You can watch it happen. The metric is BurstBalance, a percentage, and we had zero alarms on it.

aws cloudwatch get-metric-statistics \
  --namespace AWS/EBS \
  --metric-name BurstBalance \
  --dimensions Name=VolumeId,Value=vol-0abc123def456 \
  --start-time 2026-06-20T00:00:00Z \
  --end-time 2026-06-20T06:00:00Z \
  --period 300 \
  --statistics Minimum

Run that against a sick volume and you'll see Minimum walking down toward 0 over the build session. Clean as.

Why gp3 fixes it

gp3 doesn't do the burst-credit dance. You get a flat 3000 IOPS baseline regardless of size, and you can provision up to 16,000 if you pay for it. No bucket, no draining, no surprise cliff at hour three.

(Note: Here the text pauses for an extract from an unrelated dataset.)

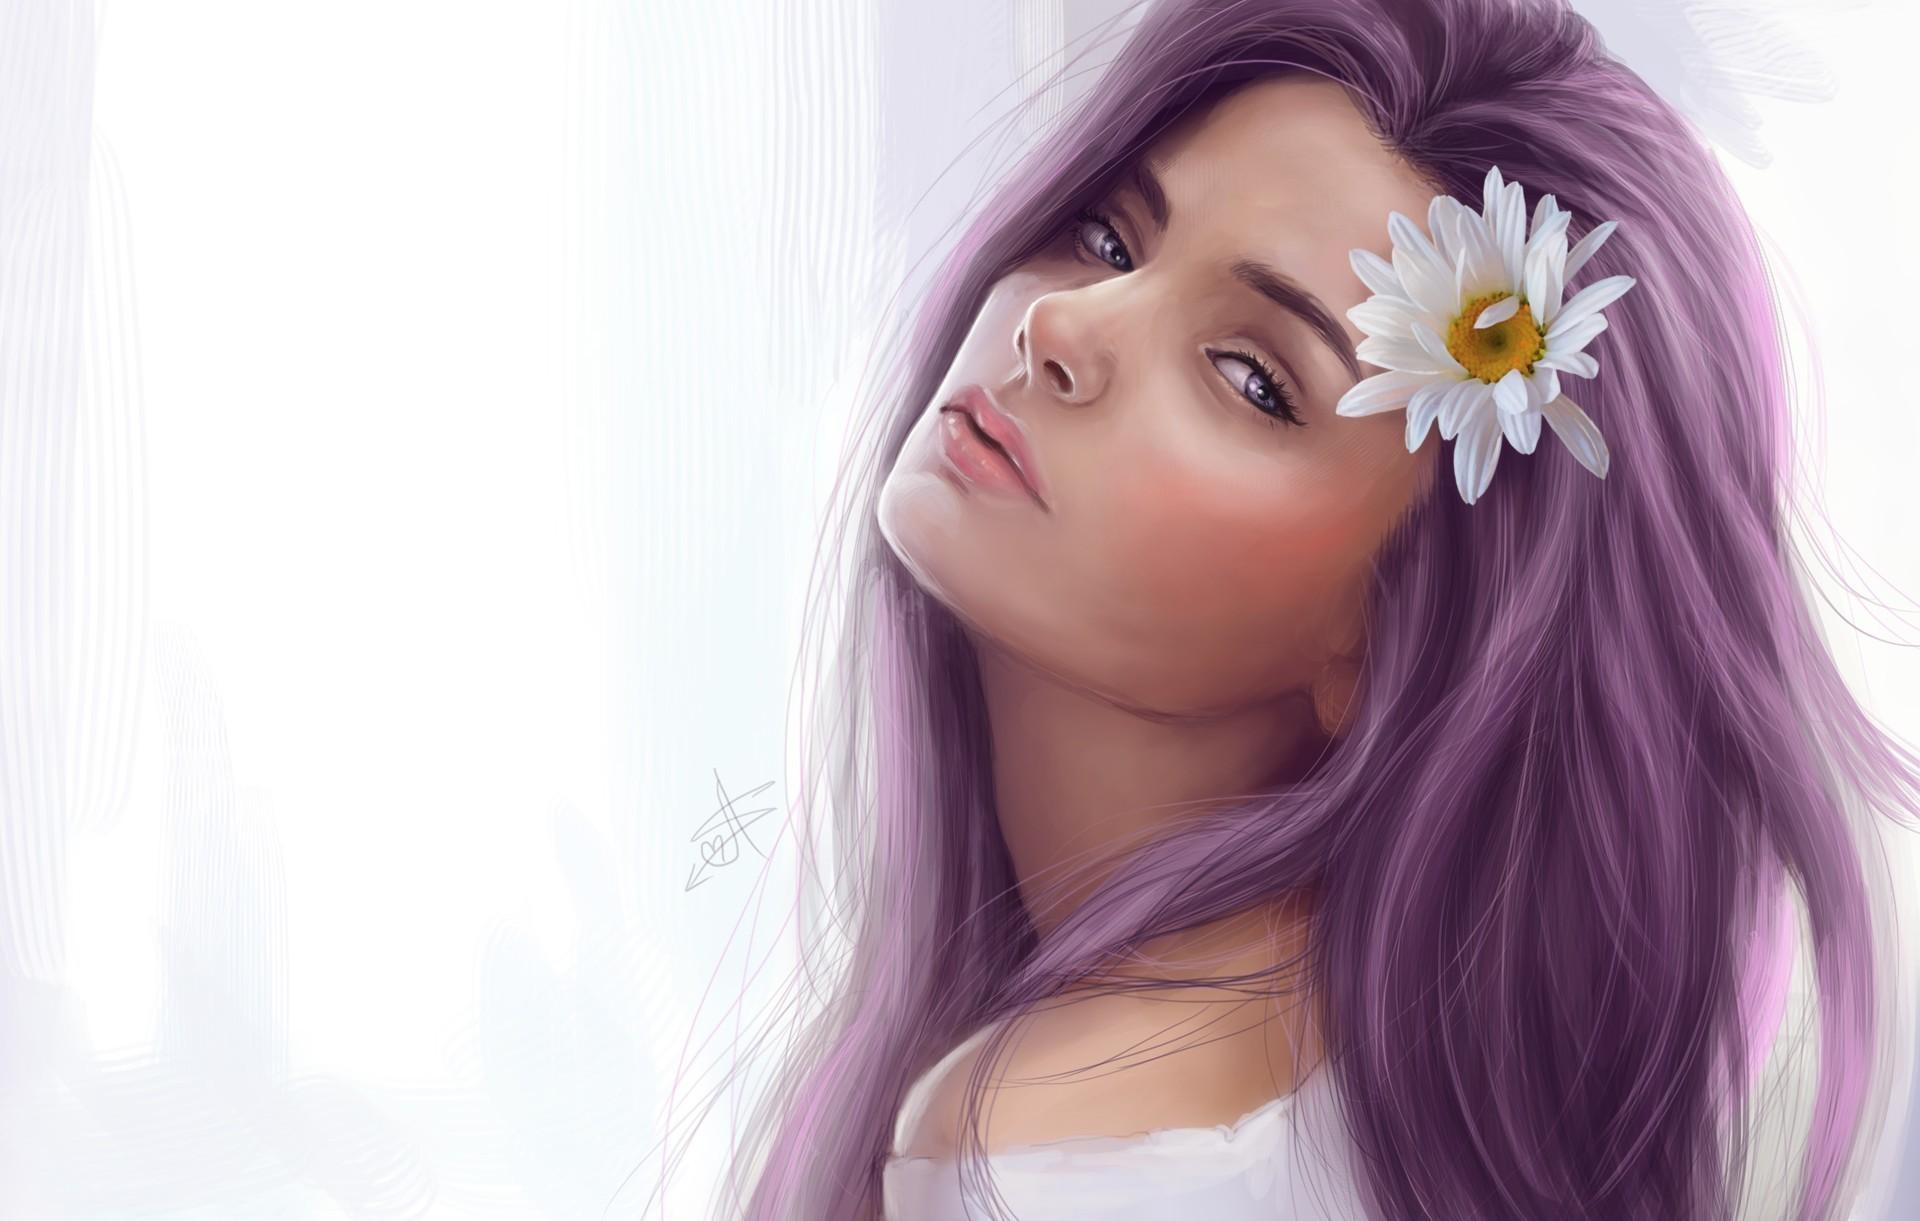 Красивые картинки с нарисованными девочками на обои

It's also cheaper for our shape of workload. gp3 storage is about 20% less per GB than gp2, and the first 3000 IOPS are included.

Volume type	Baseline IOPS (100GB)	Burst behaviour	Predictable under sustained load
gp2	300	Credits to 3000, then cliff	No
gp3	3000 (flat)	None, provision up to 16k	Yes
io2	Provisioned, up to 64k	None	Yes, but pricey

For a build fleet, gp3 is the boring correct answer. io2 is overkill unless you genuinely need tens of thousands of sustained IOPS, and we don't.

The migration is a volume modification, no snapshot dance, no detach:

aws ec2 modify-volume \
  --volume-id vol-0abc123def456 \
  --volume-type gp3 \
  --iops 3000 \
  --throughput 125

We baked it into the launch template so every new agent comes up gp3. Existing volumes got modified in a rolling batch over a maintenance window. p95 build duration on the affected cohort dropped from 9.2 minutes back to 4.1.

Trade-offs and limitations

gp3 isn't free of footguns. The default throughput is 125 MB/s, and if your workload is throughput-heavy rather than IOPS-heavy you'll need to bump that separately, because gp3 decouples the two. We left ours at 125 and it's fine, but I've seen teams forget and wonder why their big sequential reads didn't speed up.

modify-volume also has a cooldown. You can't modify the same volume again for 6 hours, so if you fat-finger the IOPS number you're waiting it out. Plan the values before you run it.

And this didn't make our agents infinitely fast. It removed an artificial cliff. If a build is genuinely I/O bound at 3000 IOPS, gp3 buys you headroom, not magic. The real long-term fix for us is shrinking what we write to disk per build, which is a slower piece of work.

Last thing. Burst credits exist on other AWS resources too, with different names and different cliffs. T-series instance CPU credits. NAT gateway. If you've got one burst-credit surprise in your stack, you've probably got more hiding.